** GIVEN DATA **

----

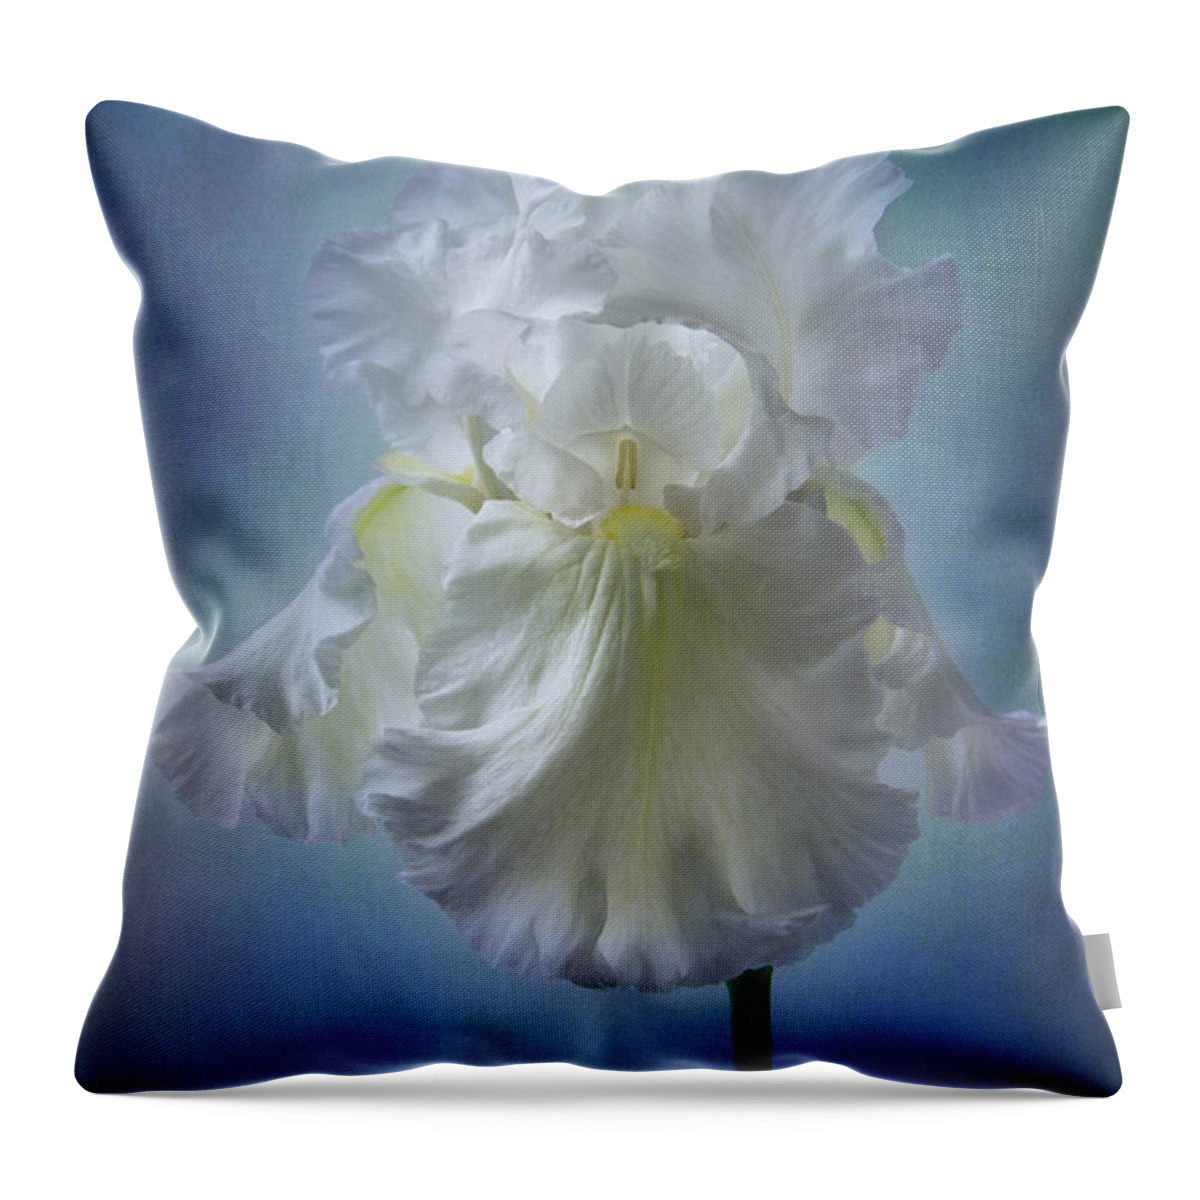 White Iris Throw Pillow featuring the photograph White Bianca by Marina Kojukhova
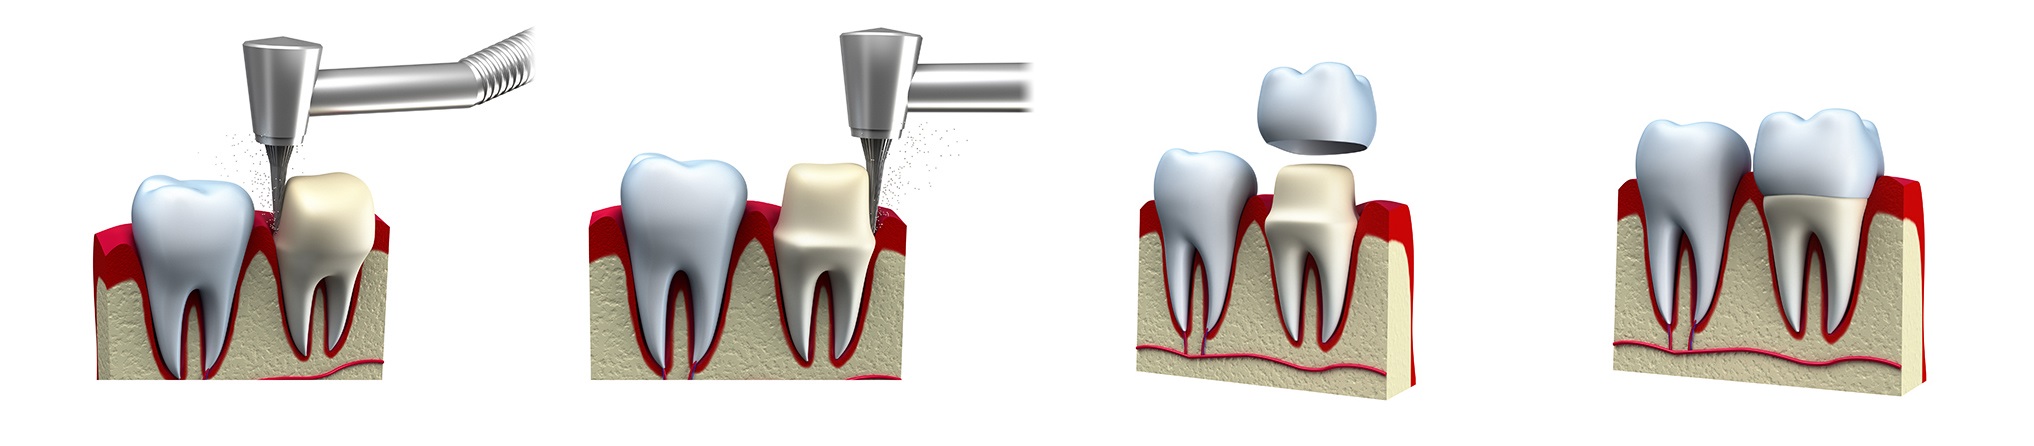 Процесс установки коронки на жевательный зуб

----

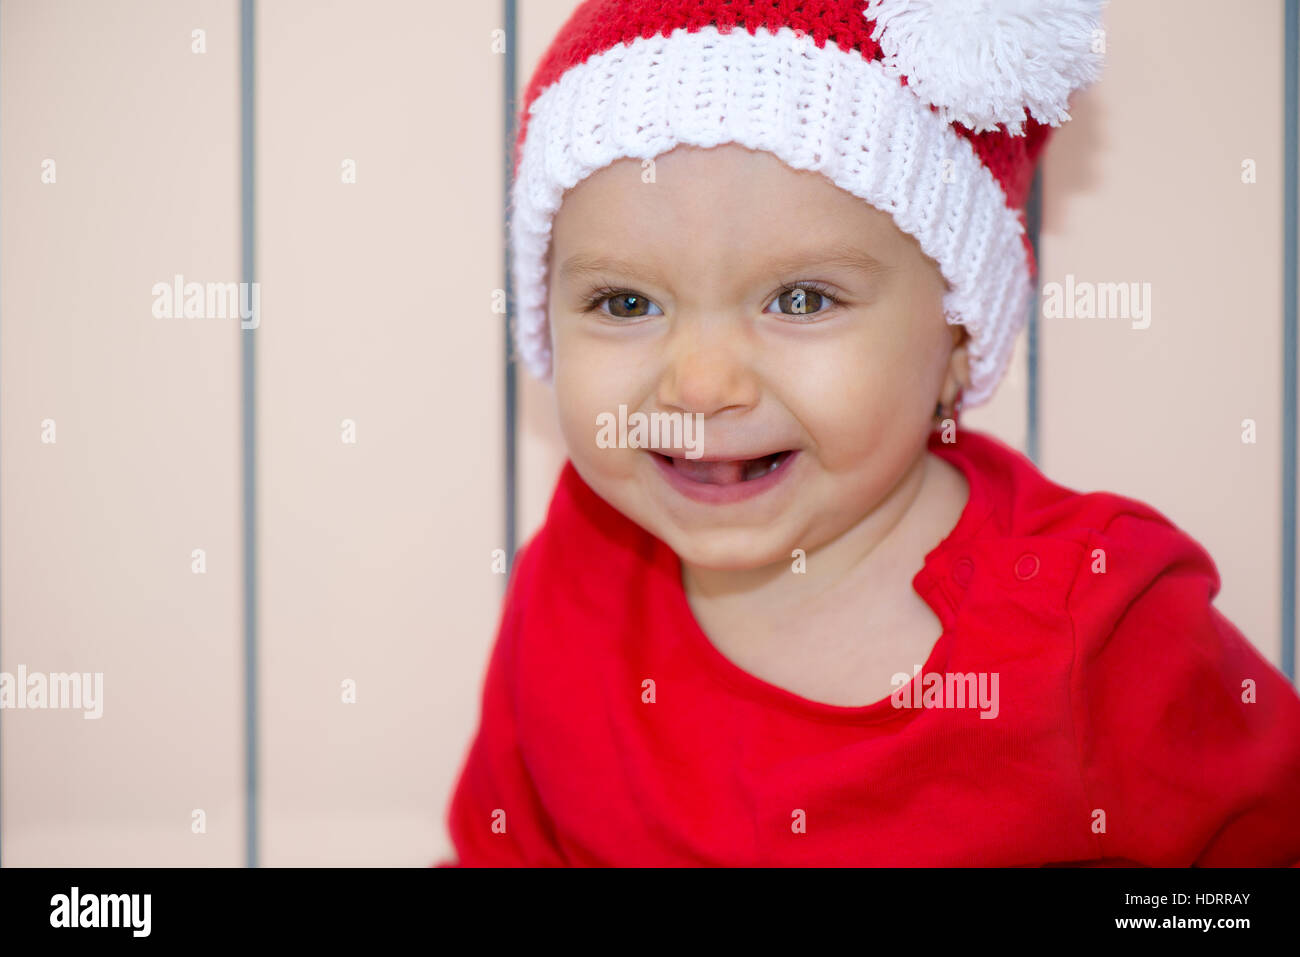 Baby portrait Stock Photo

----

** REQUIRED WORK **
Range to copy from the listing above: the line containing "White Iris Throw" down to the line containing "Процесс установки коронки на жевательный зуб", both included. Reproduce it exactly, minus the pictures, and add nothing.

** YOUR RESPONSE **
 White Iris Throw Pillow featuring the photograph White Bianca by Marina Kojukhova
 Процесс установки коронки на жевательный зуб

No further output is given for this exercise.